Only the text of the entries below should be returned, exactly as given, without pictures.
** Excerpted data follows **
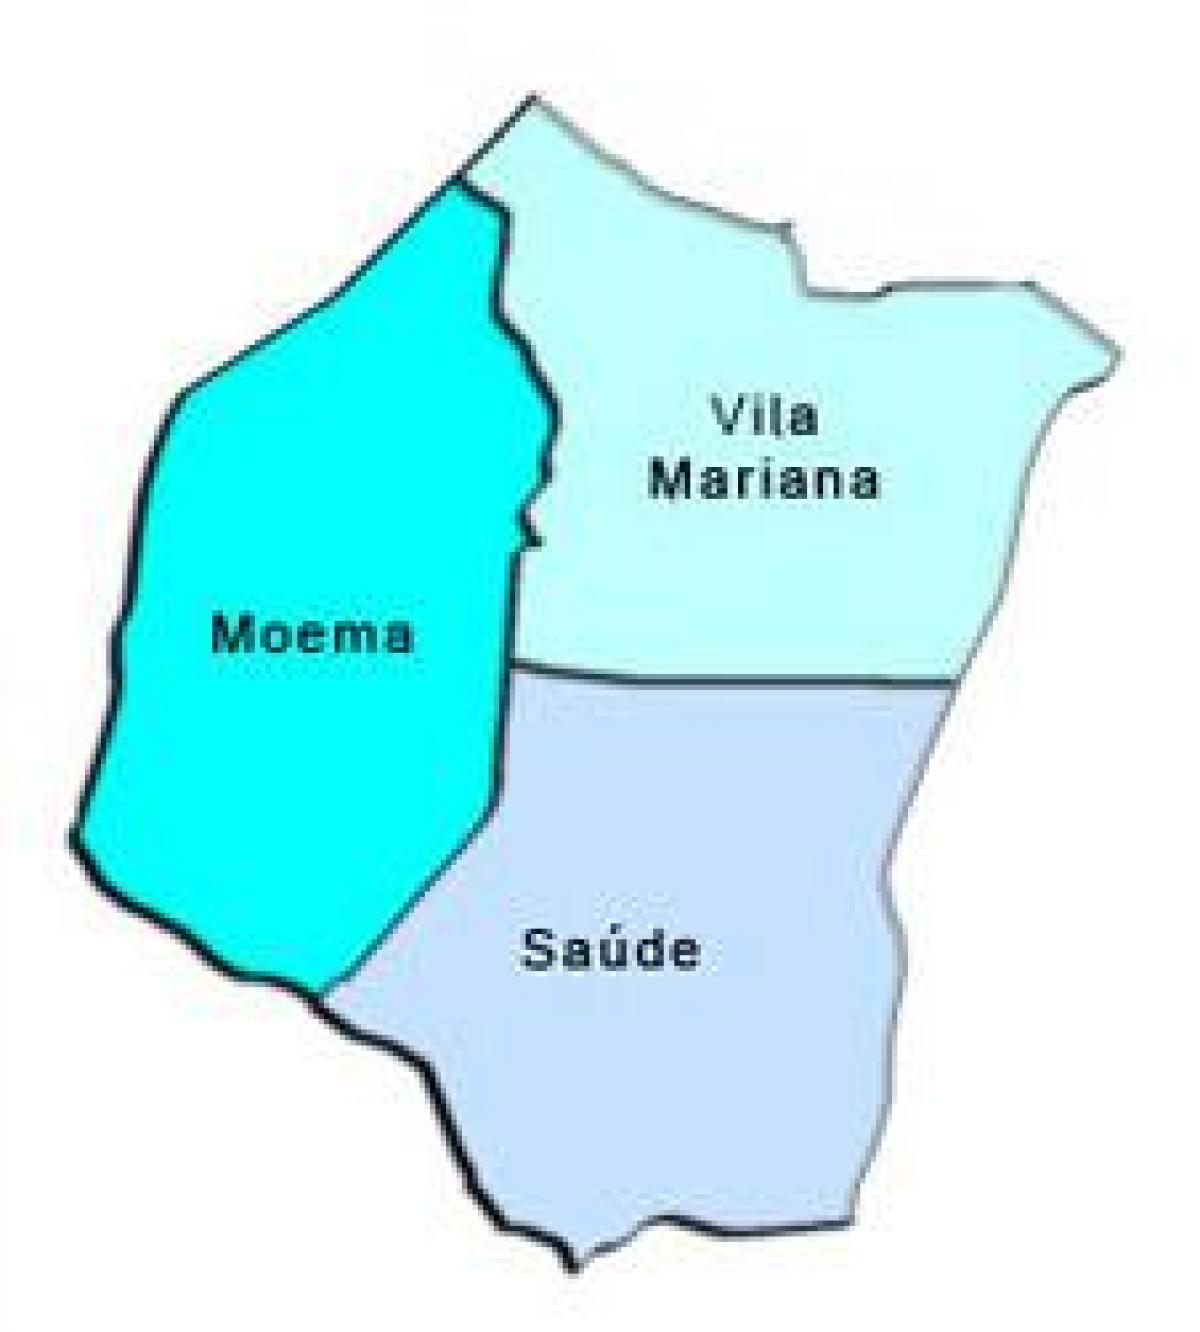 Karta Vila Mariana супрефектур
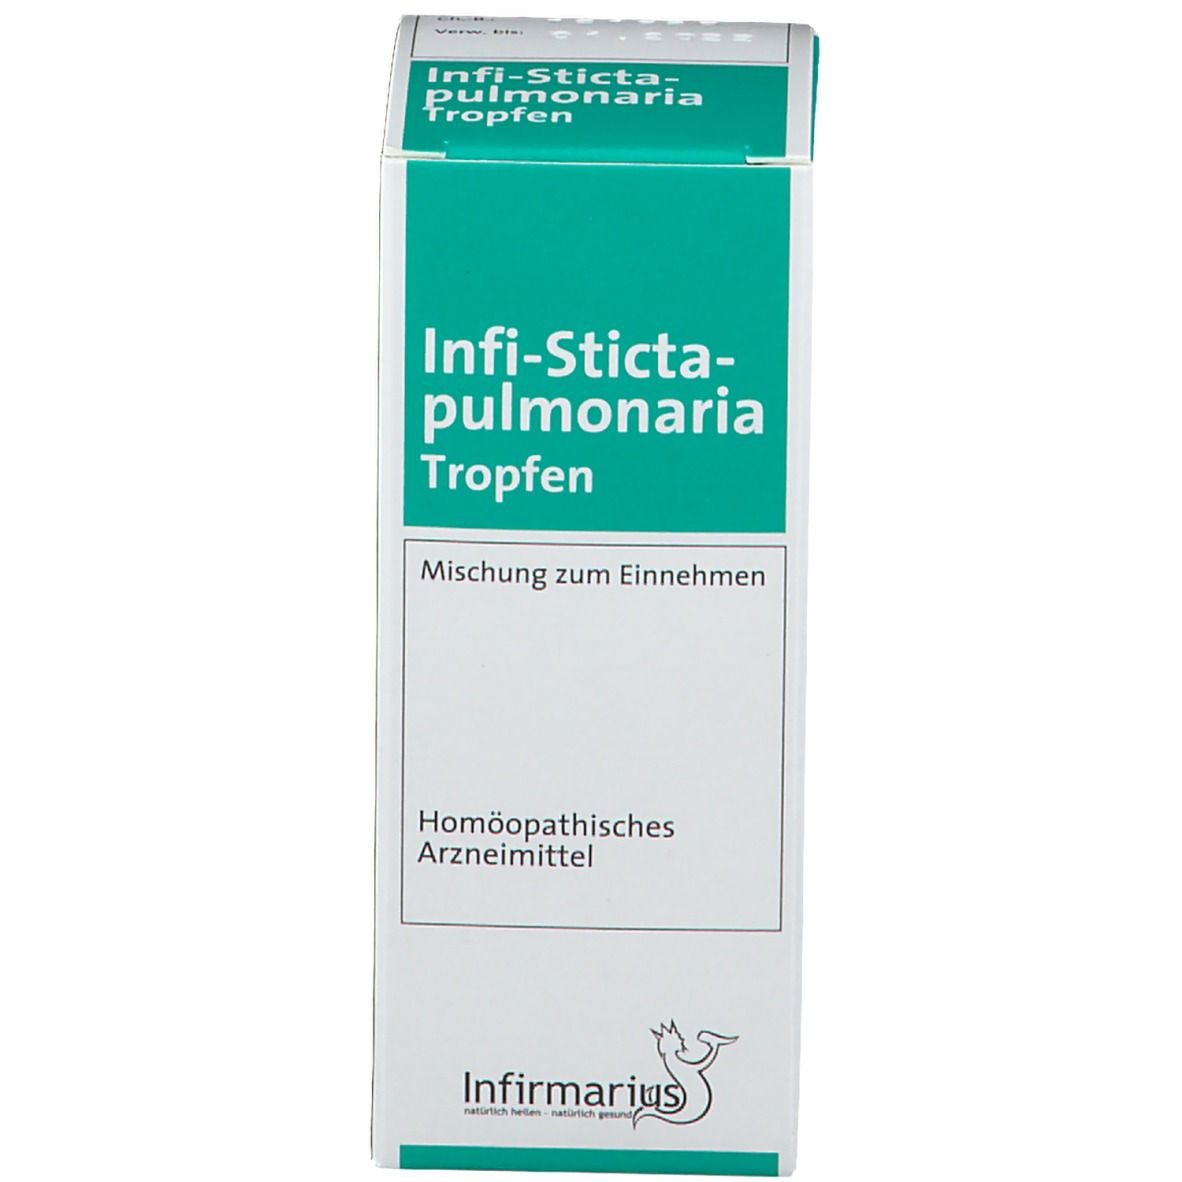 Infi-Sticta-pulmonaria Tropfen
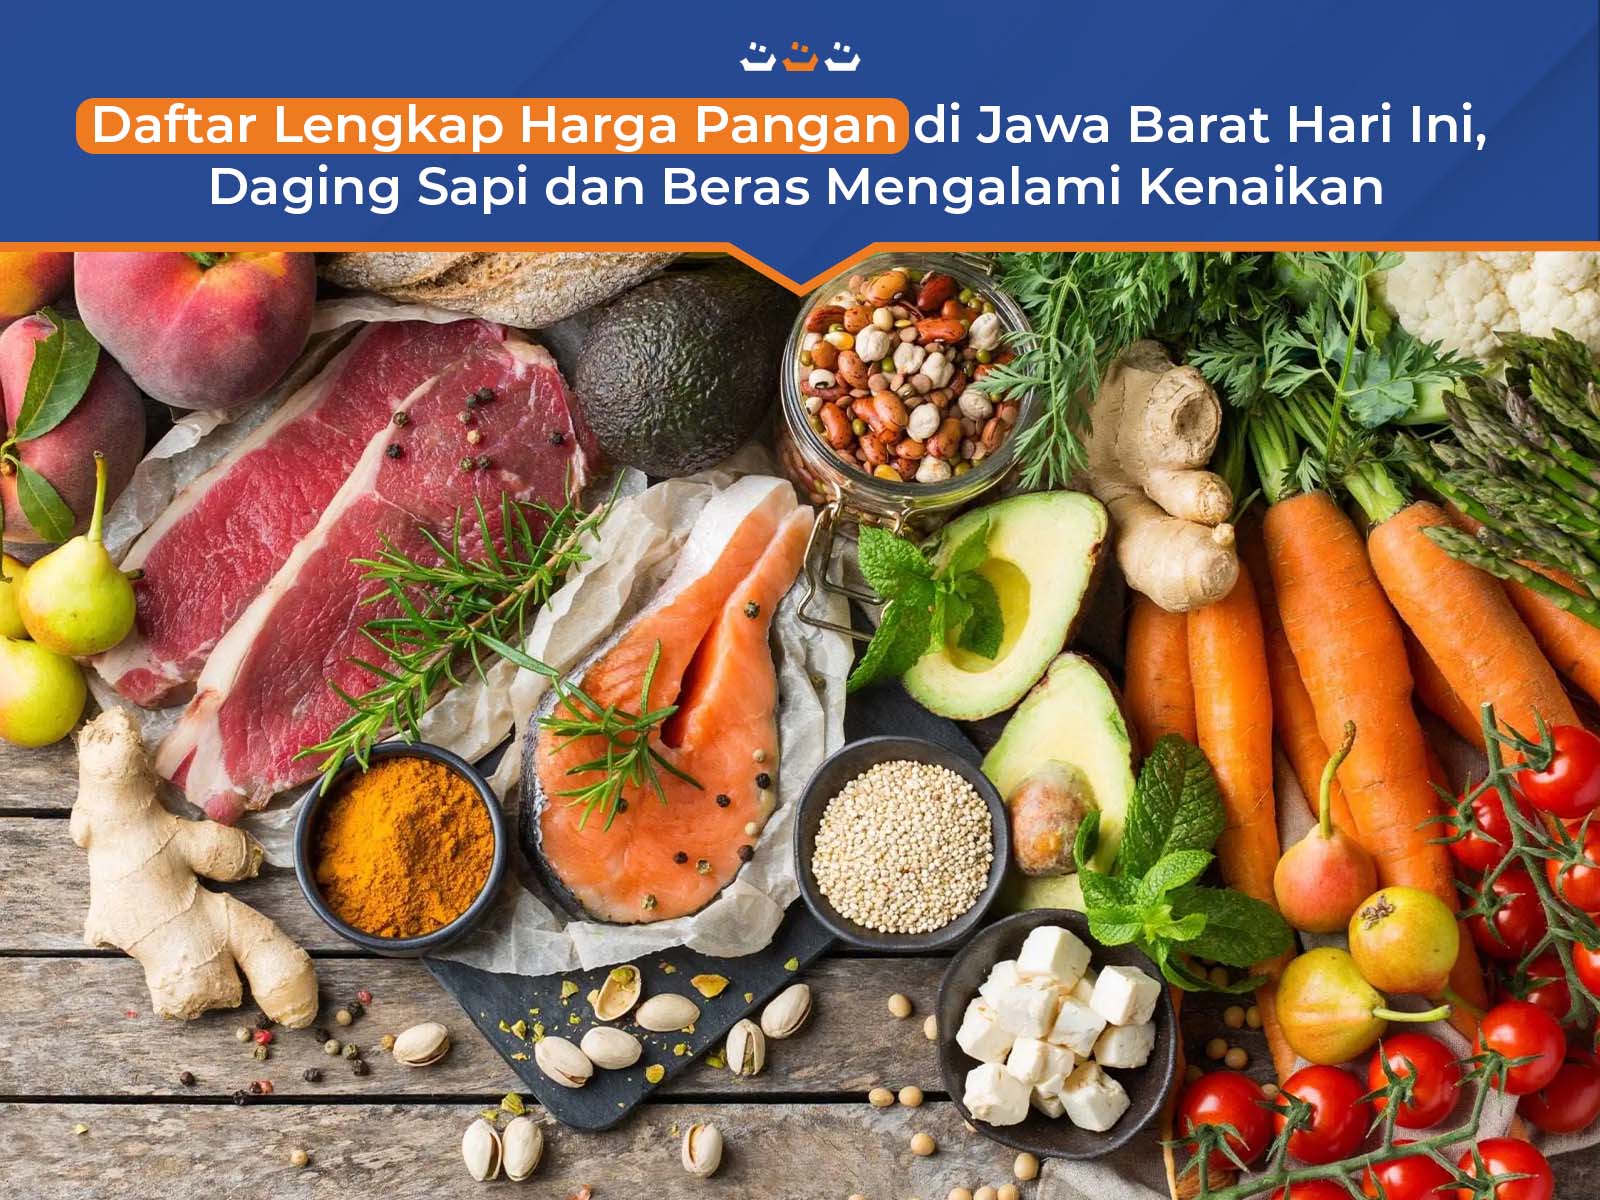 Daftar Lengkap Harga Pangan di Jawa Barat Hari Ini, Daging Sapi dan Beras Mengalami Kenaikan
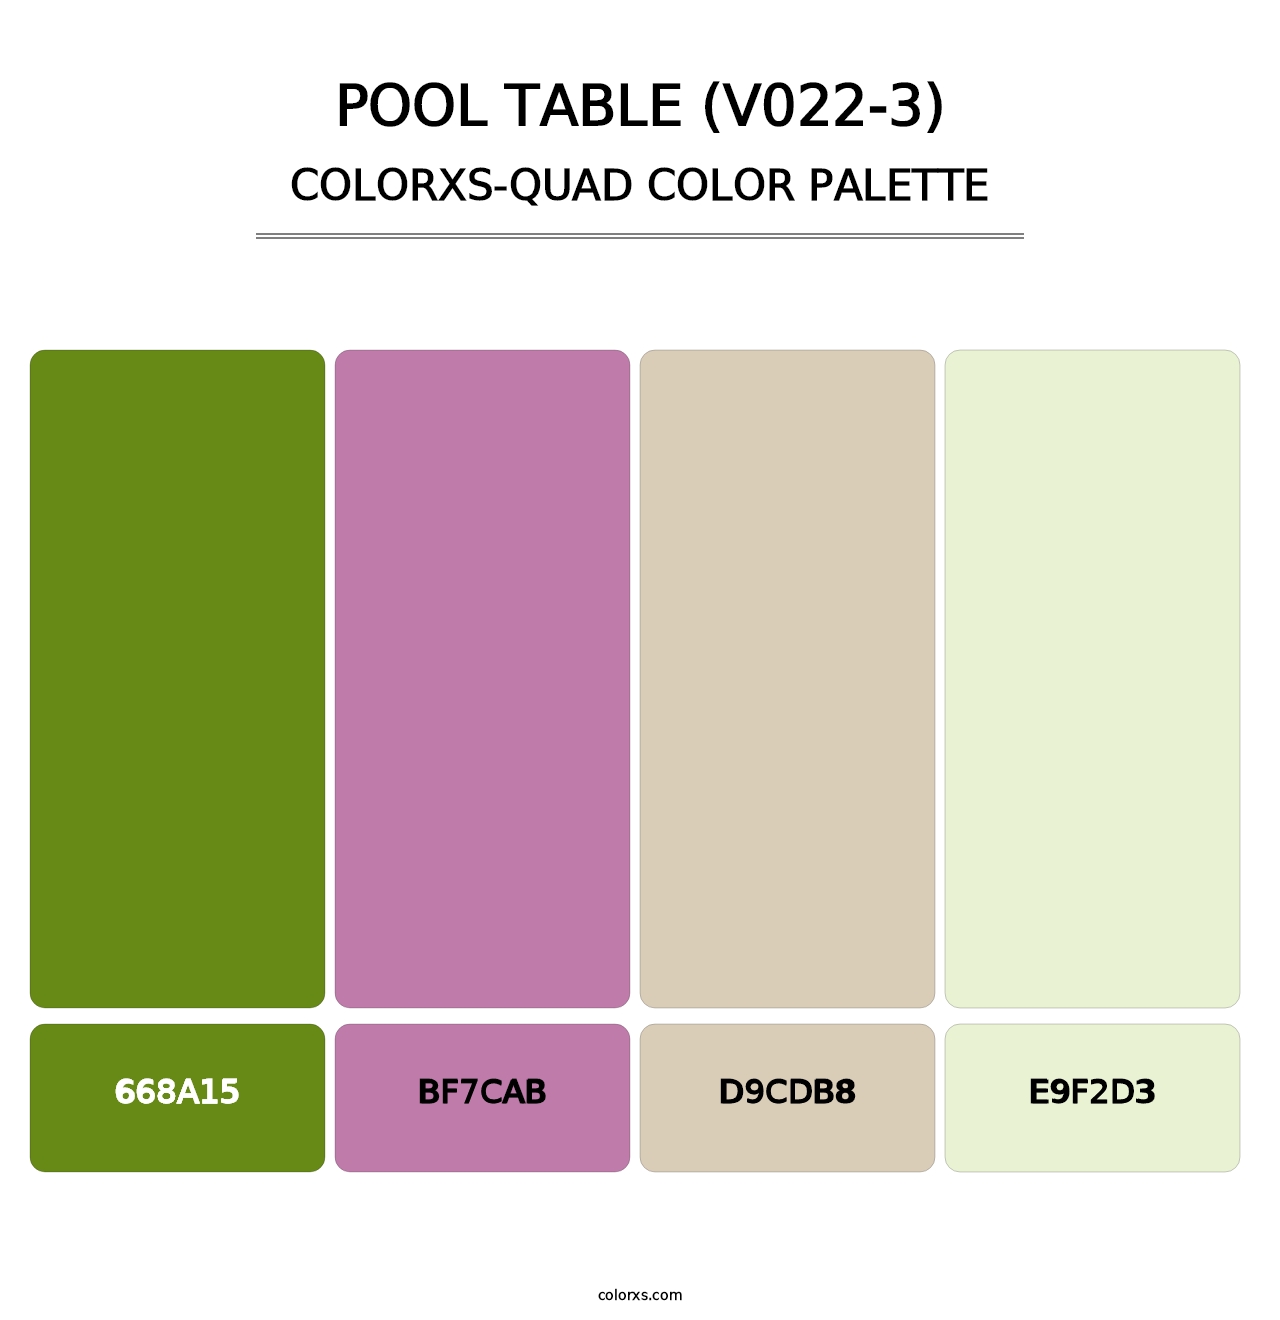 Pool Table (V022-3) - Colorxs Quad Palette
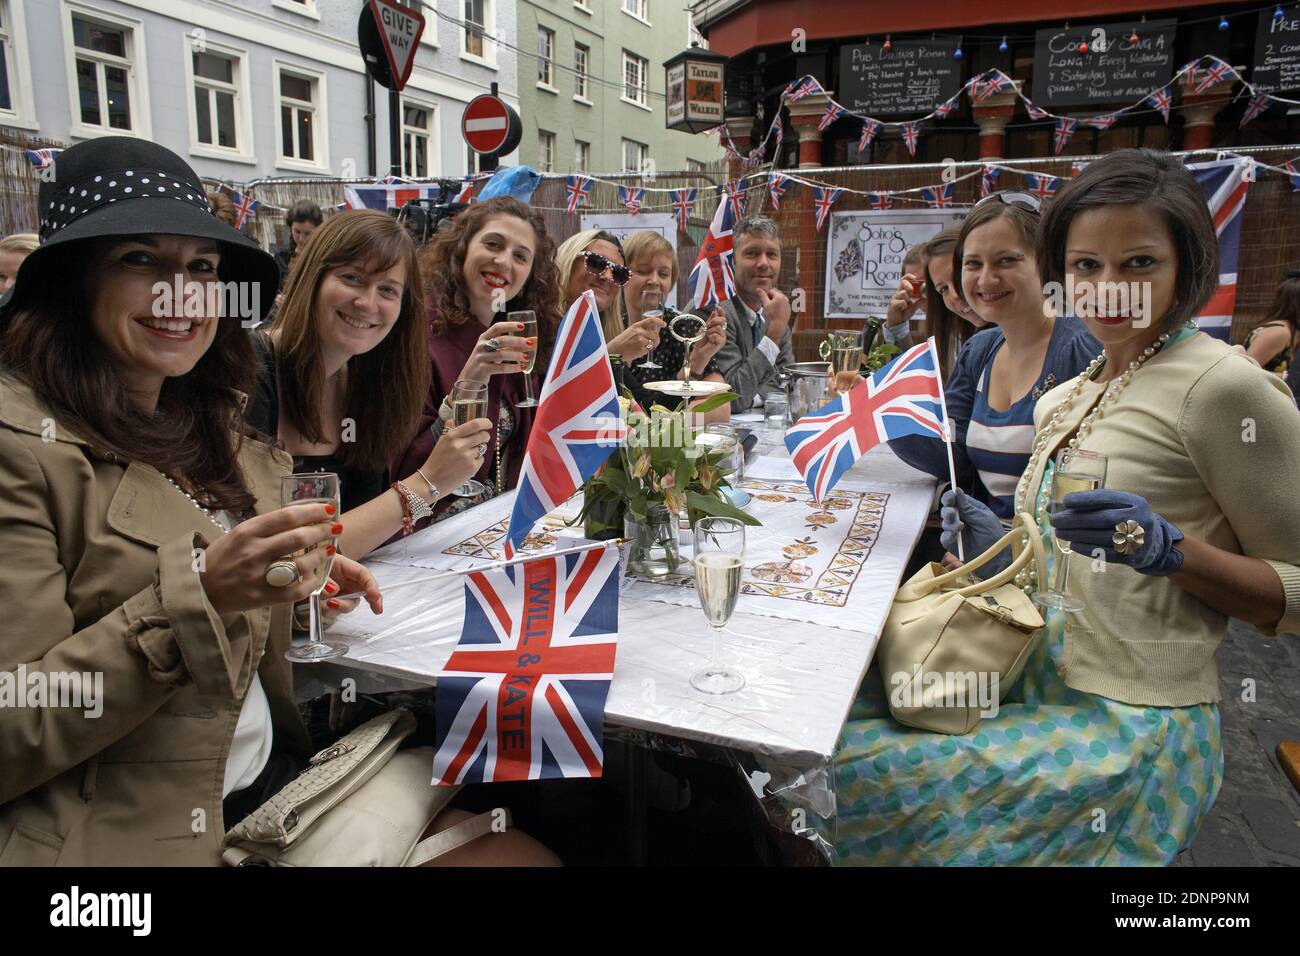 Royal Wedding Street Party celebrating the wedding of Prince William and Kate Middleton, London, UK Stock Photo
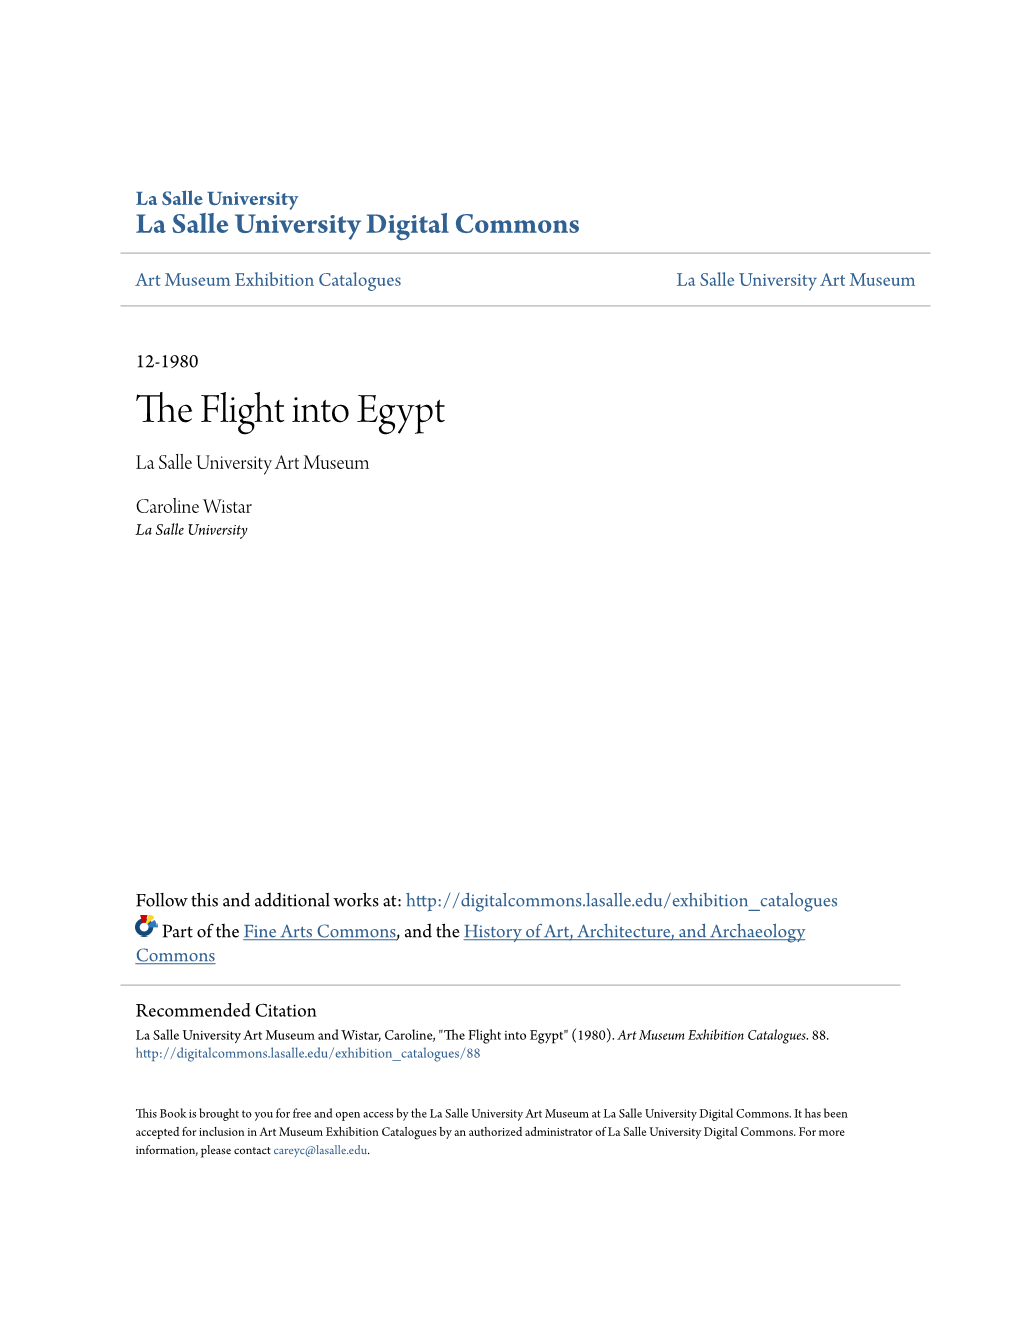 The Flight Into Egypt" (1980)
** End of Excerpted data **
■ Exercise response
 Karta Vila Mariana супрефектур
 Infi-Sticta-pulmonaria Tropfen
 Daftar Lengkap Harga Pangan di Jawa Barat Hari Ini, Daging Sapi dan Beras Mengalami Kenaikan
 Pool Table (V022-3) - Colorxs Quad Palette
 Royal Wedding Street Party celebrating the wedding of Prince William and Kate Middleton, London, UK Stock Photo
 The Flight Into Egypt" (1980)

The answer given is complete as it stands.